Sears posts profit, but sales continue to slide
Helped by the sale of its Craftsman tool unit, Sears Holdings showed a profit during its first quarter but saw lower sales as it took financial steps to reach stability.
Sears posted net income of $244 million for the quarter ended April 29, or $2.28 a share, compared to a loss of $471 million, or $4.41 a share, in the same quarter last year. But counting special items, Sears posted a net loss of $230 million, or $2.15 per diluted share, compared to a $199 million net loss, or $1.86 per diluted share during that period in 2016.
While acknowledging “this was certainly a challenging environment,” CEO Edward Lampert noted in a statement the company is working to return to a solid financial footing. “We recognize that we need to accelerate our efforts to improve our operational performance.”
Sears is shrinking as it deals with a dramatically changed retail environment in which consumers increasingly shop online.
Sears recently announced a debt restructuring, but it is yet to be seen if it will be enough to help the iconic retailer turn the tide.
“The market has reacted positively to a less-worse set of results than expected,” says Neil Saunders, managing director of retail analysis firm Global Data. Sales declines at stores open at least a year were “not as bad as feared, and an exceptional windfall from the sale of the Craftsman brand helped push the group into profit. All that said, the market’s reaction may well be short term. The results were still dire.”
After announcing at the start of the year it would shutter 150 underperforming stores, Sears recently added at least 30 more locations to the list. Those closed stores helped lead to an 11.9% dip in sales at locations open at least a year and a plunge in quarterly revenue to $4.3 billion from $5.4
billion in 2016.
Among the many steps it has taking to reverse its financial slide is selling off pieces of its extensive real estate holdings and selling its Craftsman brand for more than $900 million.
The parent company of Sears and Kmart said Tuesday it will put off repaying much of a $500 million loan to help shrink its debt.

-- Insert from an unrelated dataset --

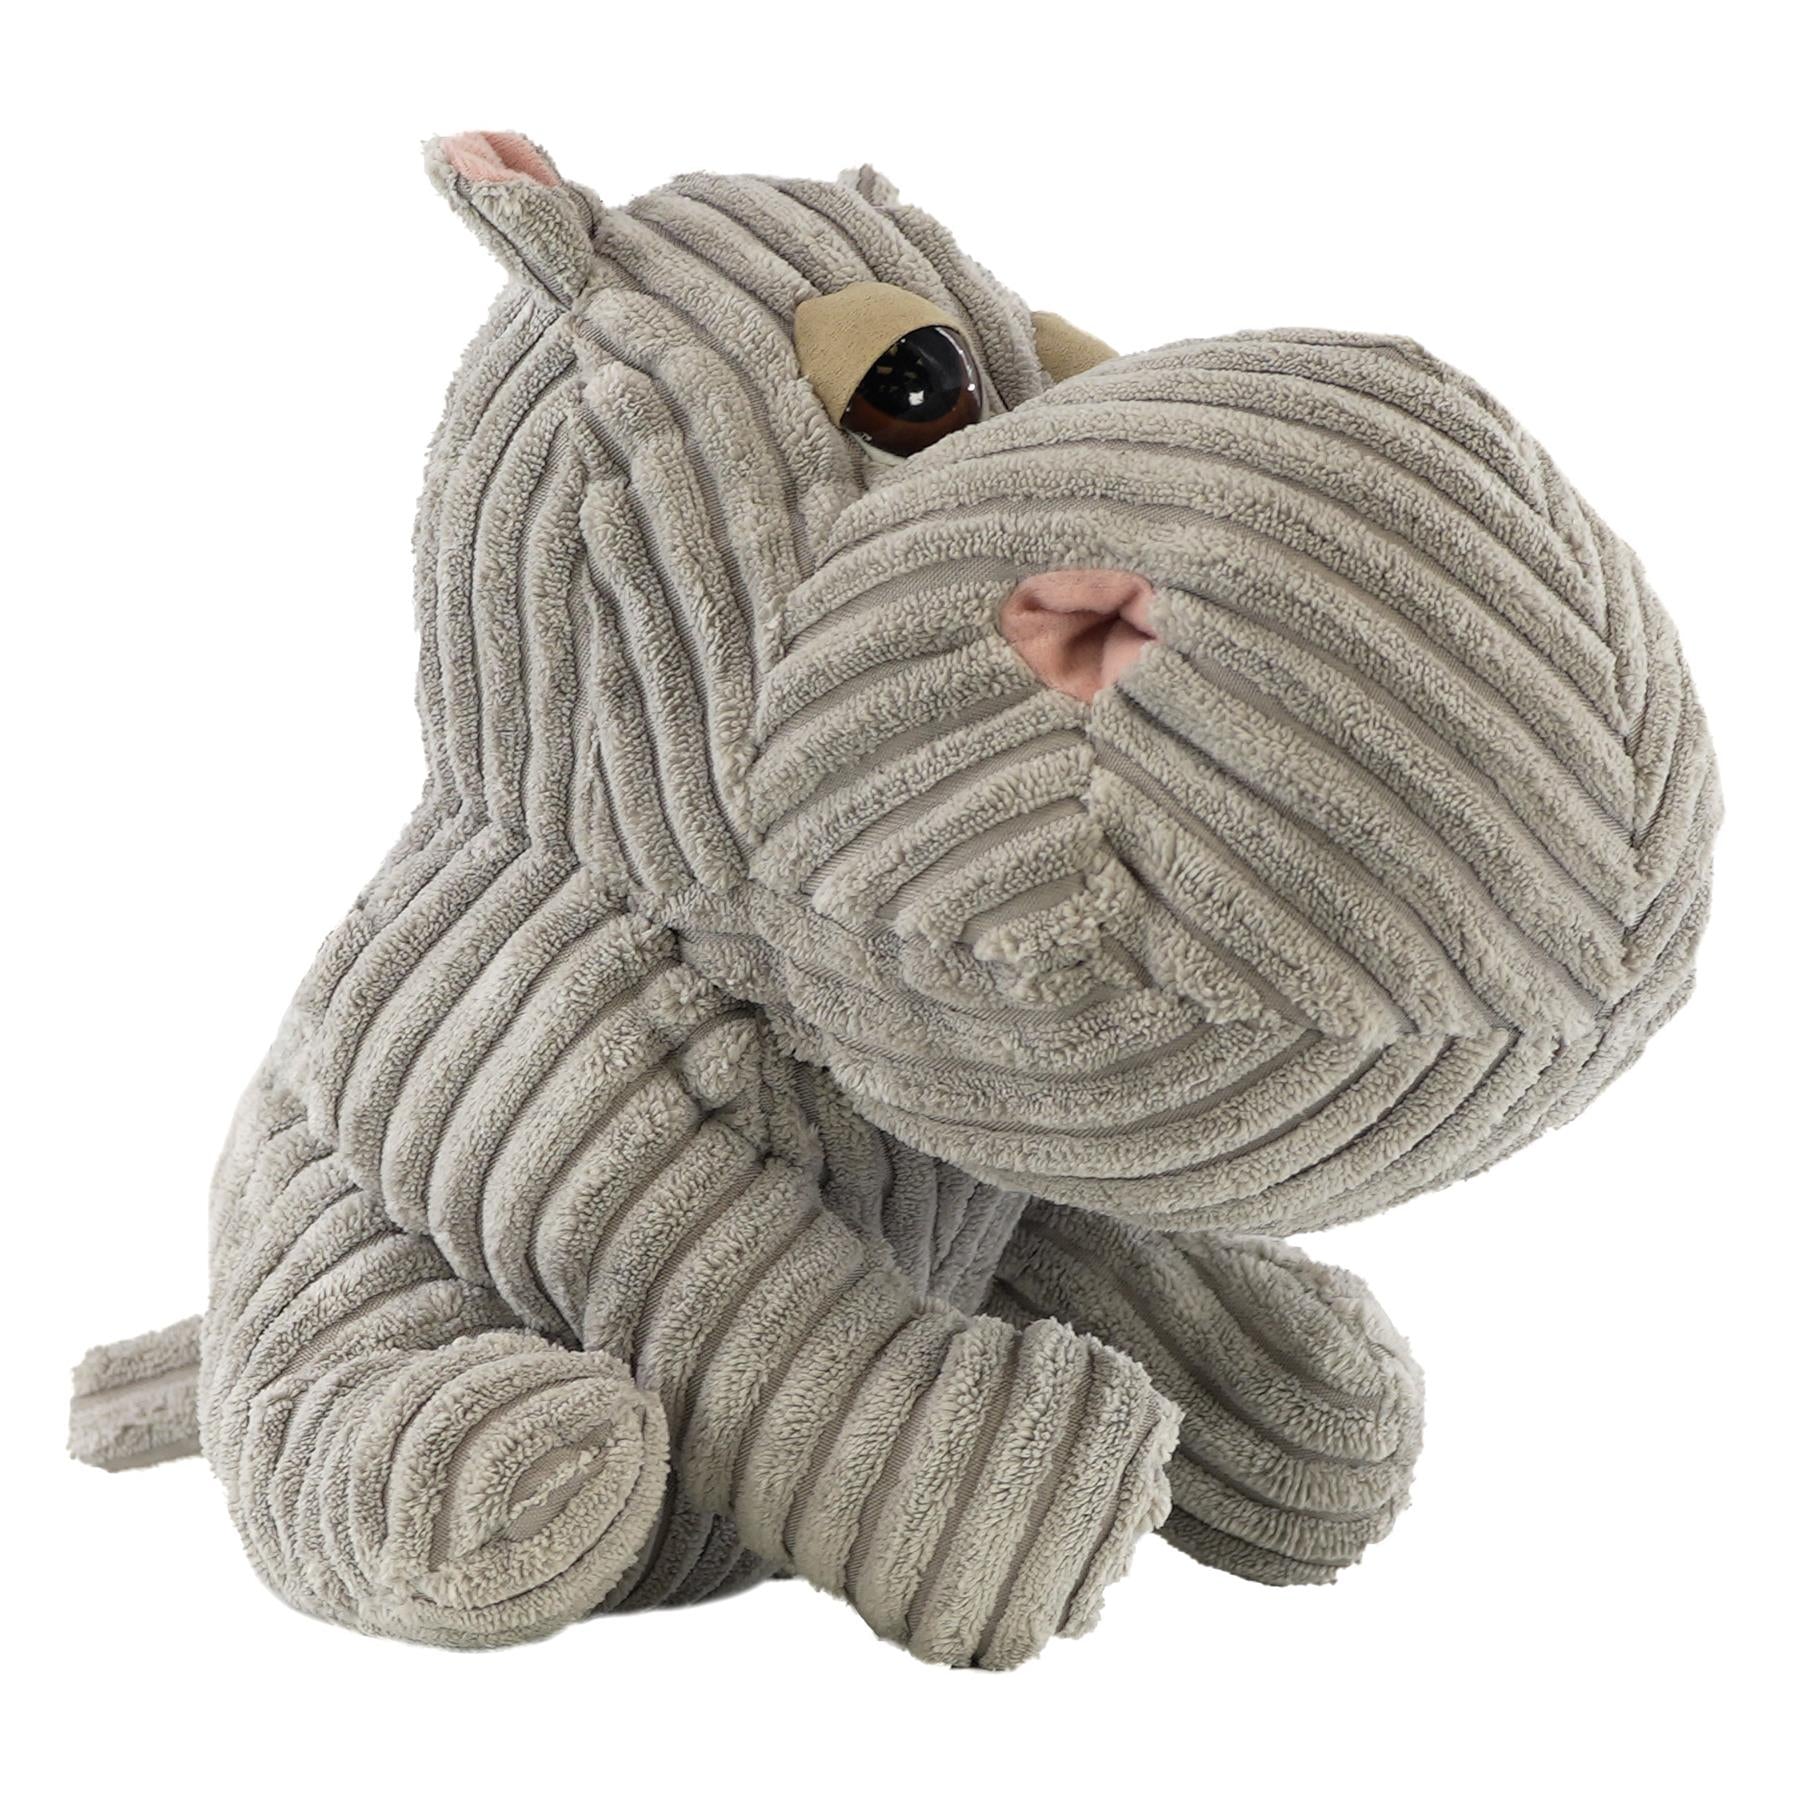 Hippo Novelty Door Stopper by The Magic Toy Shop - UKBuyZone

The agreement will allow some of its subsidiaries to repay $100 million of a $500 million loan in July, the initial date of maturity. But the remaining $400 million will not come due until January 2018, with Sears having the option to push the maturity date out another six months.

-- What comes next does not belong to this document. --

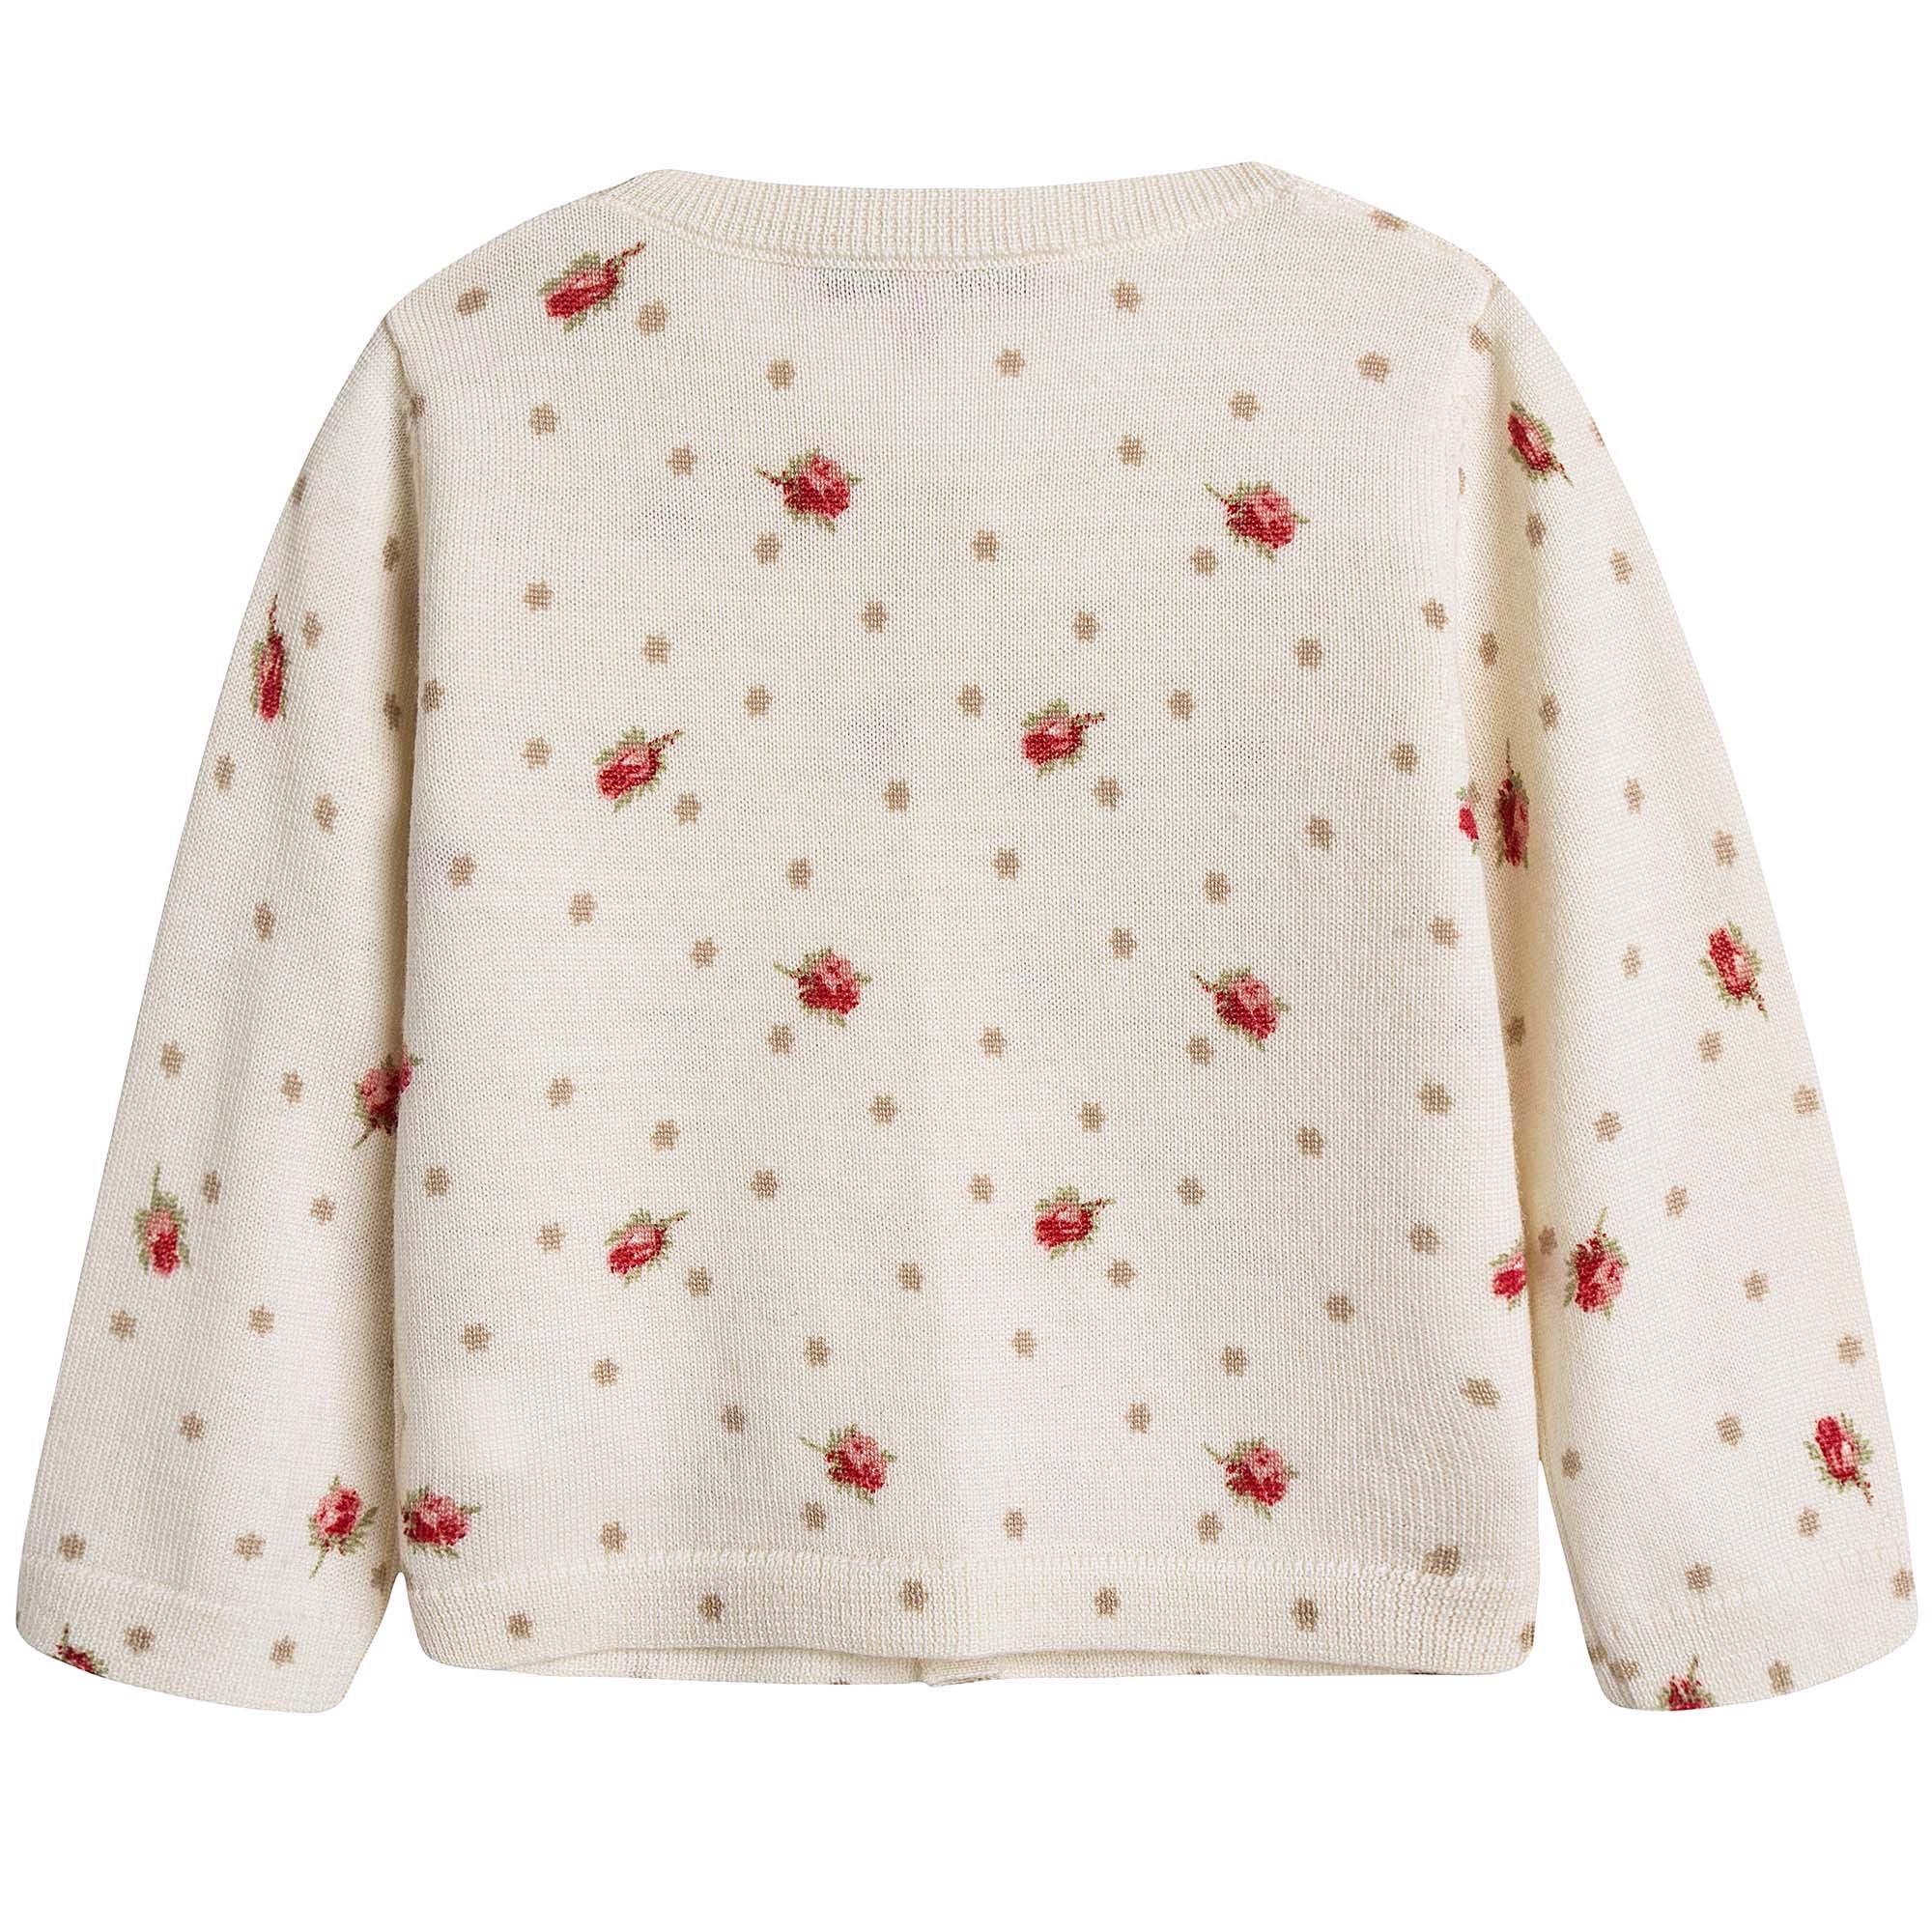 Baby Girls Lvory With Red Flowers Wool Cardigan - CÉMAROSE | Children's Fashion Store - 2

It also announced that in addition to its loan extension, an agreement with Metropolitan Life Insurance Company will lead to the insurer paying $515 million of Sears’ pension liability to roughly 51,000 company retirees.
The goal is for the retailer to increase profits and slash its outstanding debt and pension obligations by $1.5 billion this year.

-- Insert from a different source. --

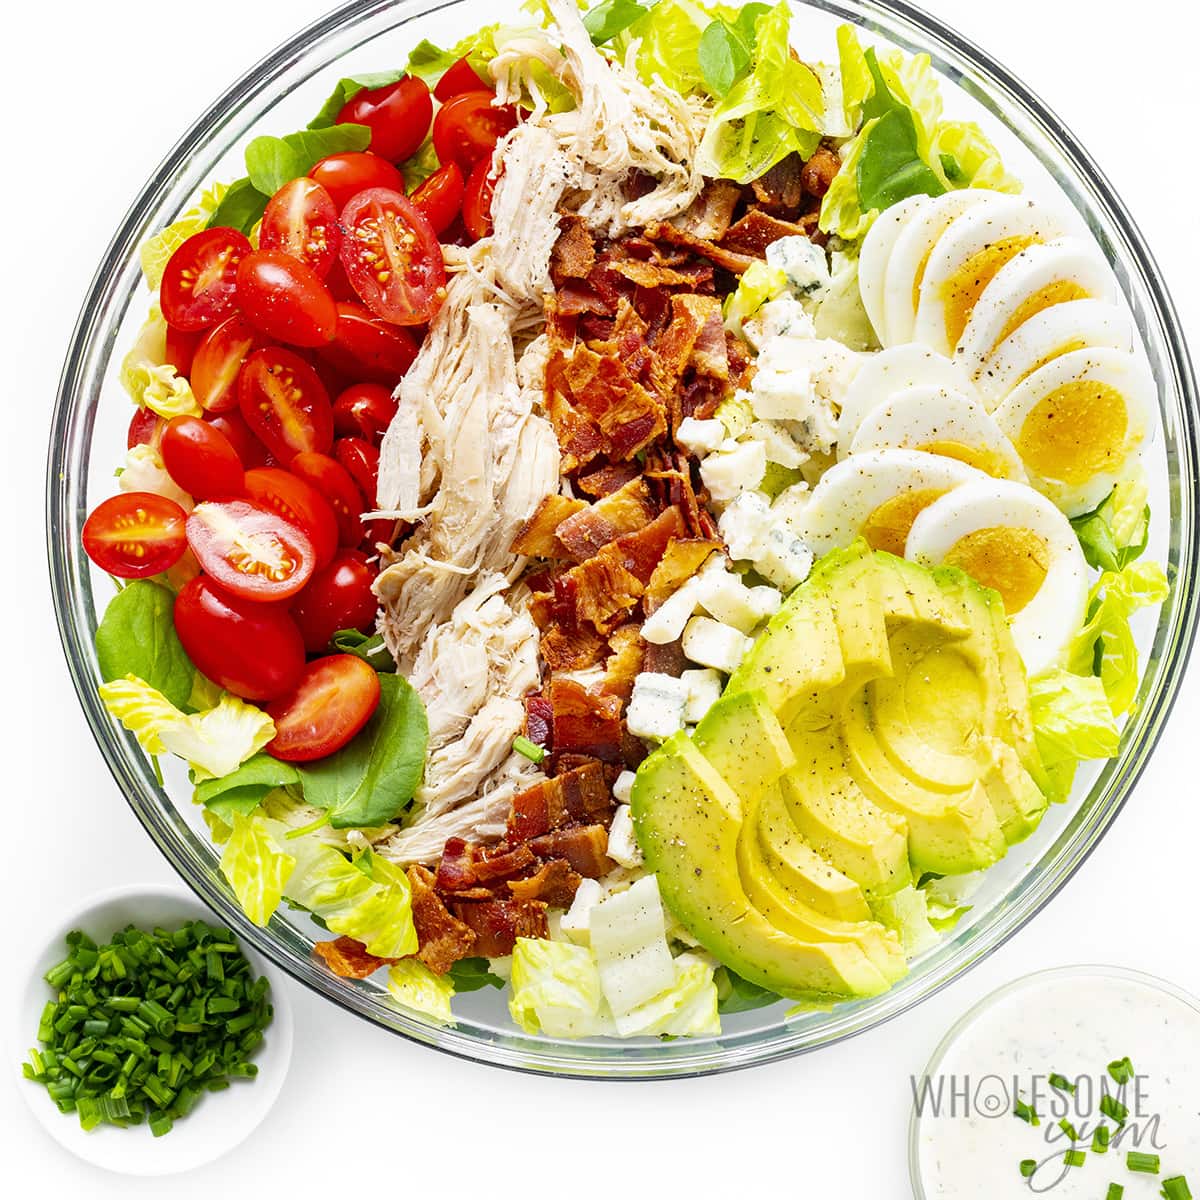 Cobb Salad Recipe (Quick and Easy!) - Story Telling Co

The shedding of some of its pension obligations, along with the profit from the Craftsman sale, likely were primary reasons for the spike in Sears shares early Thursday.
“Even that lift today was relatively short lived’’ said Neil Stern, senior partner at McMillan Doolittle. “You still come back to the inherent issues with the company, which don’t go away.’’
Traditional retailers are in trouble, with chains such as Macy’s and JCPenney reporting limp revenue at the start of the year and stores continuing to close.
But Sears’ troubles have been years in the making. It has struggled in the wake of management decisions that led to the sale of its more than $30 billion credit portfolio to Citibank in 2003 and a merger with another struggling retailer, Kmart, in 2004.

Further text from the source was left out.